Customize It Instructions

  • If using salmon, pat dry. Add salmon, skin-side up first, and cook until salmon reaches minimum internal temperature, 4-6 minutes per side.

  • If using NY strip steak, pat dry. Cook until steak reaches desired doneness, or 4-6 minutes per side for medium/medium-well. Rest, 3 minutes. Steak thickness can vary; if you receive a thinner steak, we recommend checking for doneness sooner.

  1. 1

    Cook the Chicken

    Pat chicken dry and season both sides with lemon n herb seasoning and a pinch of pepper.

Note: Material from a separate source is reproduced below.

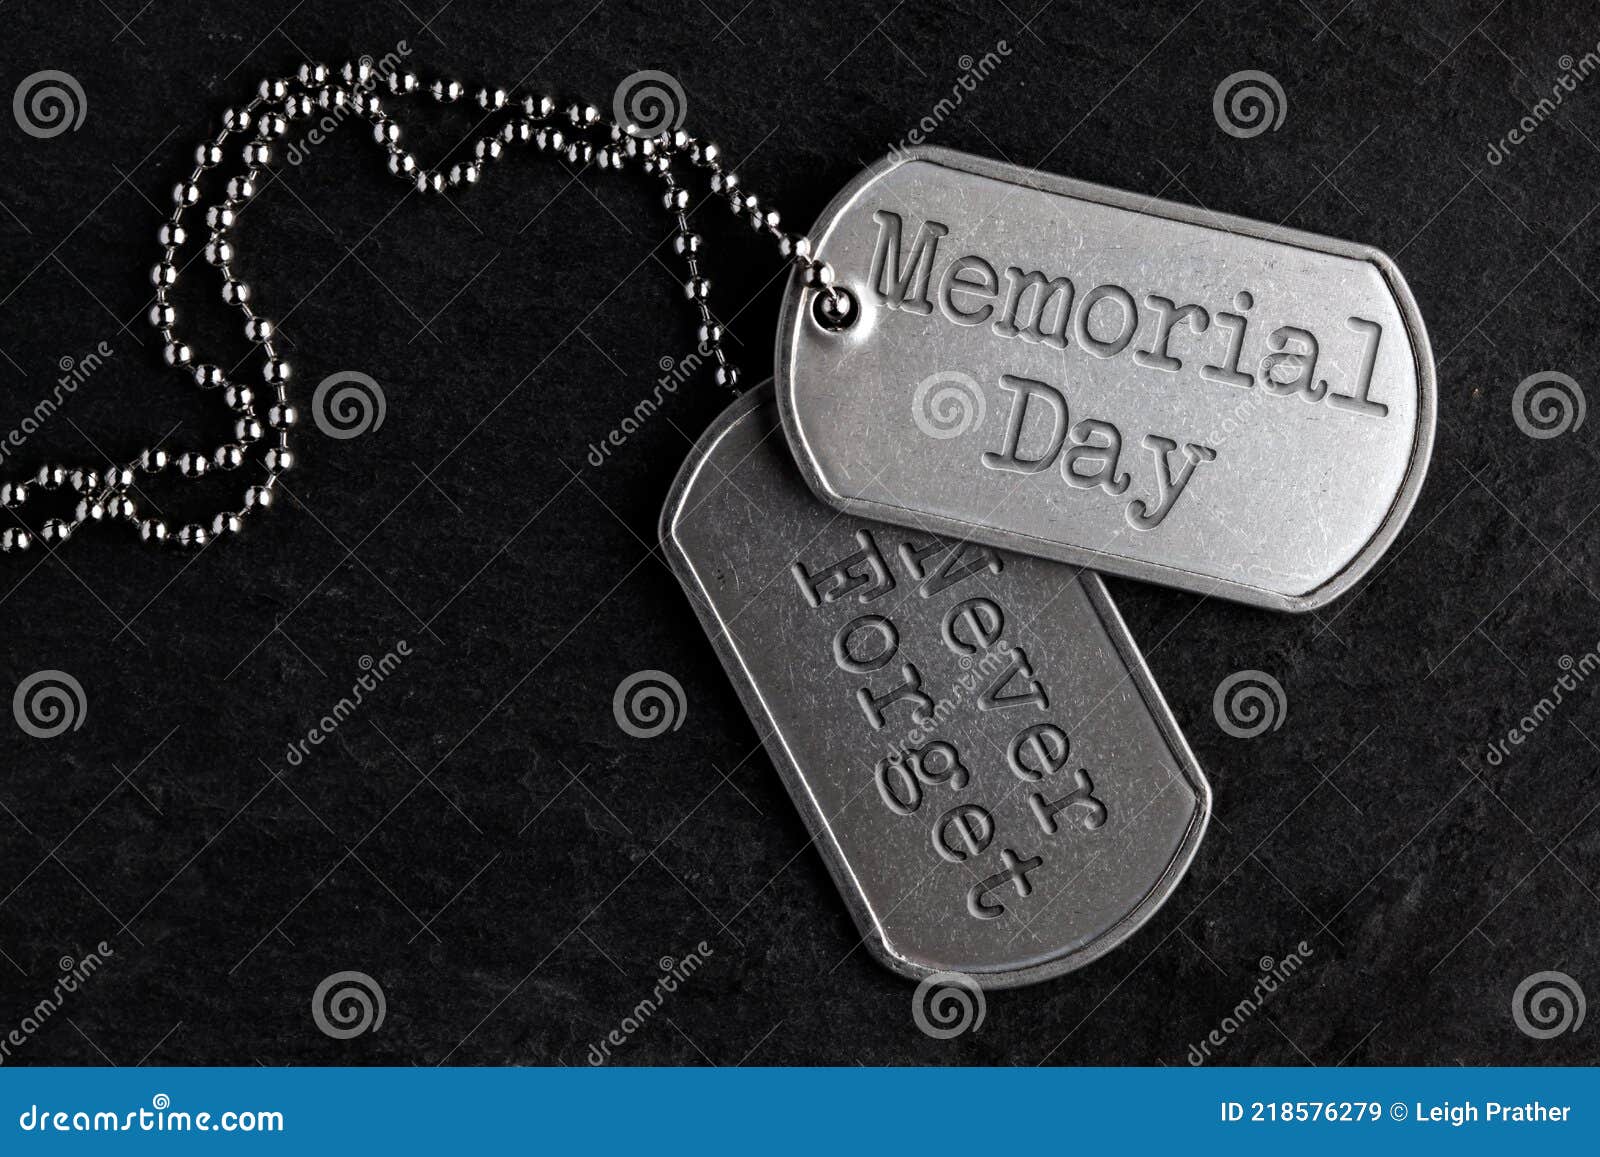 old military dog tags - memorial day, never forget

    Place a medium non-stick pan over medium heat and add 1 tsp. olive oil. Add chicken to hot pan and cook until browned and chicken reaches a minimum internal temperature of 165 degrees, 5-7 minutes per side.

    Remove from burner.

    While chicken cooks, continue recipe.

  2. 2

    Prepare Tomatoes and Make Pesto Butter

    Halve tomatoes.

    In a mixing bowl, combine basil pesto and softened butter. Set aside.

  3. 3

    Cook the Ratatouille

    Place a large non-stick pan over medium-high heat and add 2 tsp. olive oil.

    Add zucchini to hot pan and stir occasionally until slightly tender, 3-5 minutes.

    Add tomatoes, garlic pepper, and half the garlic salt (to taste; add remaining, if desired). Stir occasionally until tomatoes release juices and zucchini is tender, 2-3 minutes.

    Remove from burner. Stir in sun dried tomato pesto.

  4. 4

    Finish the Dish

    Plate dish as pictured on front of card, topping chicken with pesto butter and garnishing ratatouille with cheese. Bon appétit!